As part of the SSSCF’s awareness activities for the commemoration of the 2016 world sickle cell awareness day, the Foundation hosted series of outreaches in communities across Nigeria (where every year over 150,000 children are born with SCD) including Lagos, Ibadan, Kaduna, and Funtua, in Katsina state.
In Lagos, Nigeria’s commercial capital, the Samira Sanusi Sickle Cell Foundation, through its members and volunteers, carried out a community outreach at the Bariga Central Mosque and the First Baptist Church, Bariga to create awareness on the sickle cell disease. Lectures were, therefore, delivered at the 2 places of worship followed by dialogue on sickle cell anemia, its management and care as well as the importance of pre-marital genotype testing.
Speaking during a similar sensitization program in Ibadan, southwestern Nigeria, Zaenab Olaniyan, coordinator of SSSCF in Ibadan said the Foundation was aimed at helping people living with sickle cell anemia towards preventing further spread of the disease. The event also witnessed sensitization speeches by doctors and SSSCF volunteers around the history of sickle cell anemia, its causes, symptoms, complications, management, cultural myths as well as preventive measures through genotype testing.
Speaking at the event, a community leader, Chief Akinloye emphasized to the people the importance of preventing the disease rather than trying to manage and find curative measures for it. He enjoined the community members to prioritize knowing the genotype status of would-be marriage partners of their sons and daughters over their financial status.
Similarly, in Kaduna state, northwestern Nigeria, SSSCF’s team held a community outreach program at Yakawada village in Giwa local government area, to enlighten the members of the community about SCD, clear misconceptions about it as well as counsel those living with the disease on lifestyle and management tips. The outreach was followed by free genotype testing for the residents of the community to help them know their genotype and compatibility.

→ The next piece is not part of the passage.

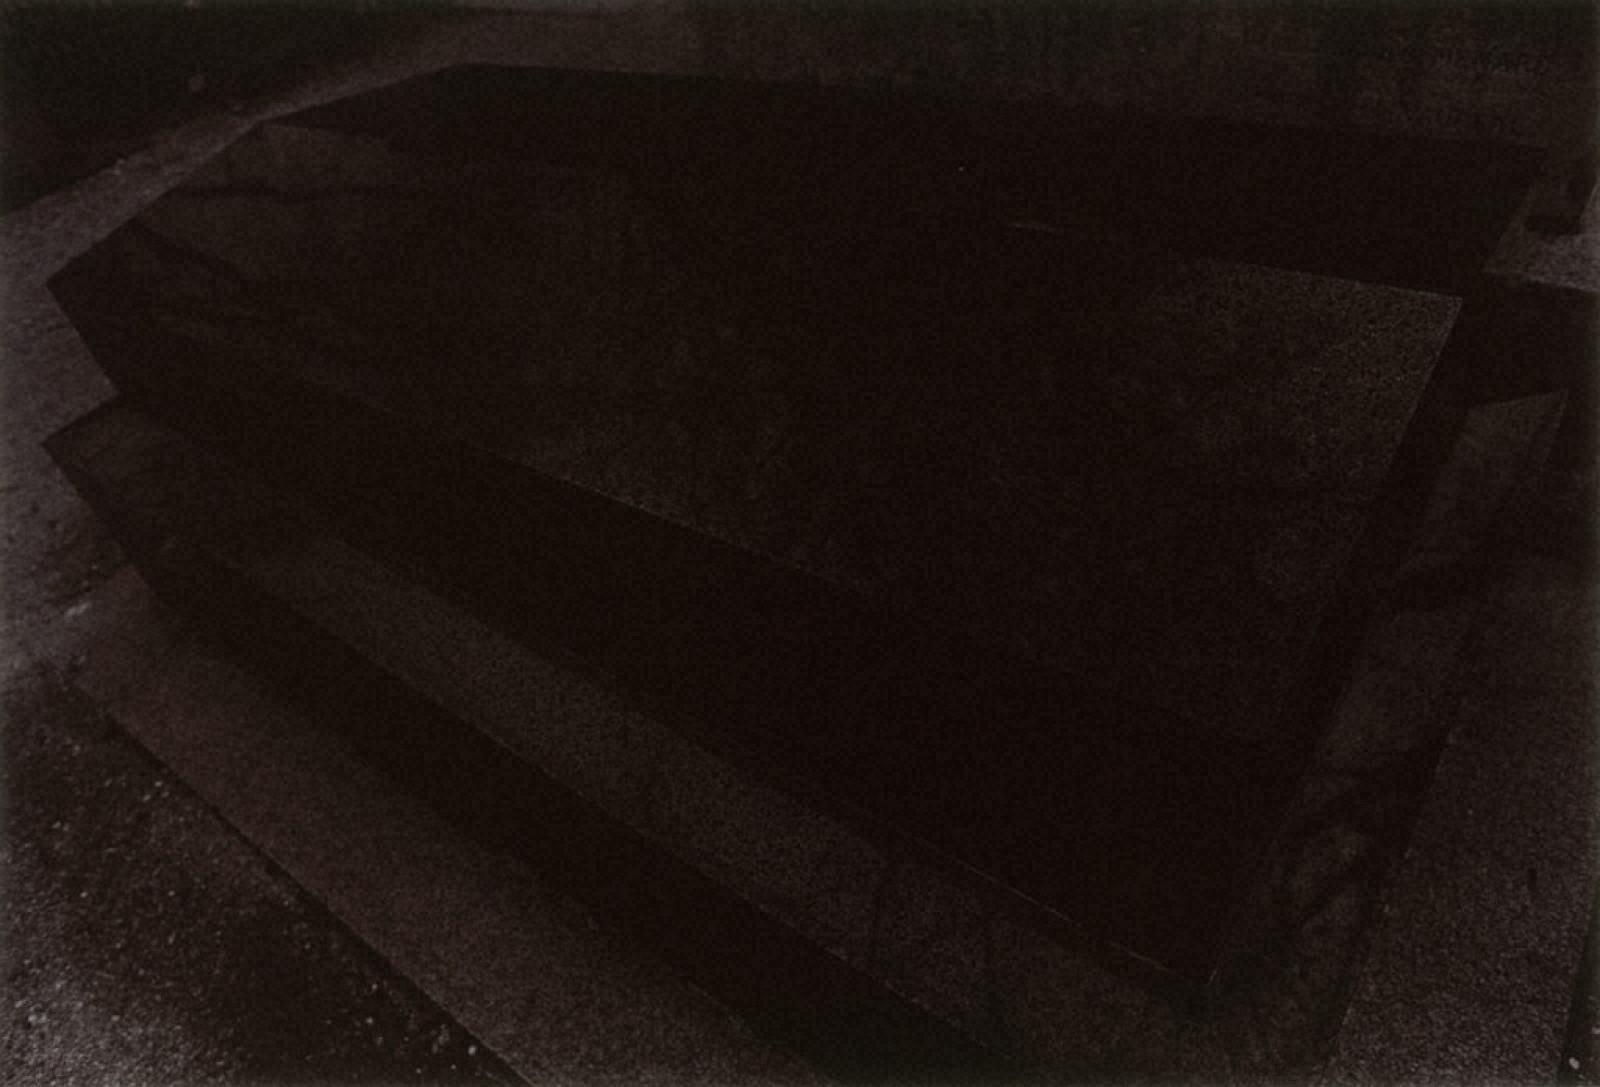 [Jun SHIRAOKA Photographs 1970-1998]フランス、パリ(モンマルトル墓地)、1973年2月

Delivering a paper on the causes, symptoms, complications, management of sickle cell anemia during SSSCF’s community outreach at Funtua, Katsina state, Hafsat Ahmad Rufai, a medical doctor at the Ahmadu Bello University Teaching Hospital, Zaria said the 19th of June of every year had been set aside by the UN as world sickle cell day to create awareness about the disease around the world.
Dr Rufai, who said 2–5% of children given birth to in Nigeria were born with sickle cell disease, called on the need for genotype testing to be carried out on children immediately after their birth. She stated that whereas in the past, 80% of children born with sickle cell disease never made it to adulthood now many such sufferers of the ailment could survive to old age.

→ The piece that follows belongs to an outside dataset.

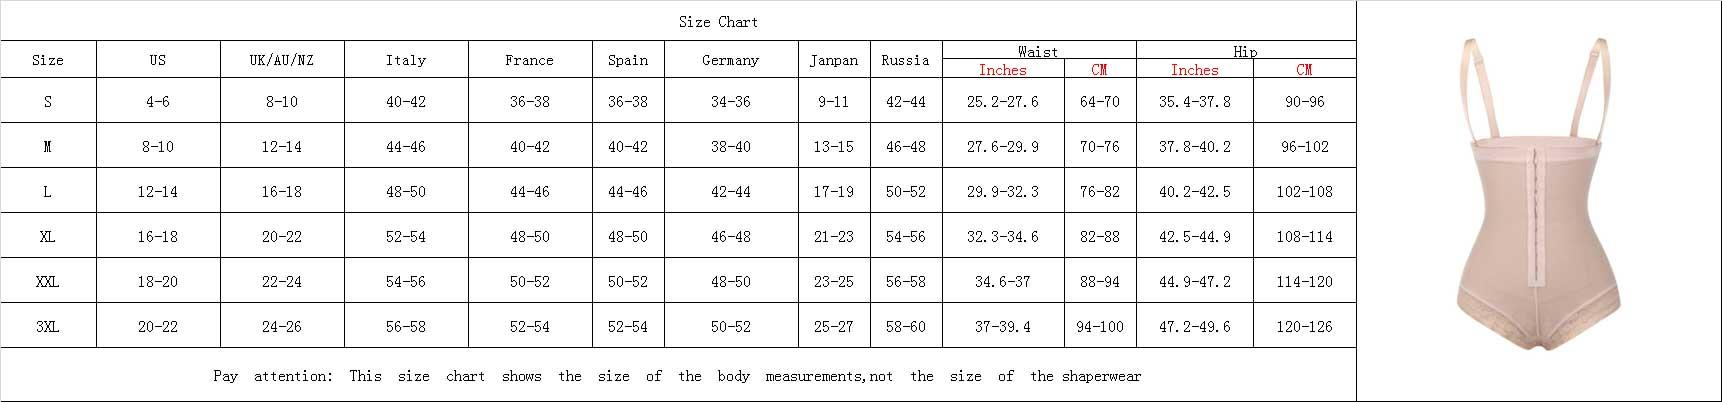 FeelinGirl High Waist Shaping Shorts Stomach Shaper Under Dress Body Shaper

Aminu Inuwa, the Imam of Funtua who also spoke at the event said Islam and the Sharia allowed for would-be couples to go for genotype tests before marriage adding that in the event they happened to be genetically incompatible they must not go ahead with their marriage plans so as to avoid giving birth to children with the sickle cell disease.
It is estimated that, every year, over 500,000 persons are born with the sickle cell disease in the world and that over 50% of that figure, most of which are in Sub Saharan Africa, don’t live past the age of 5.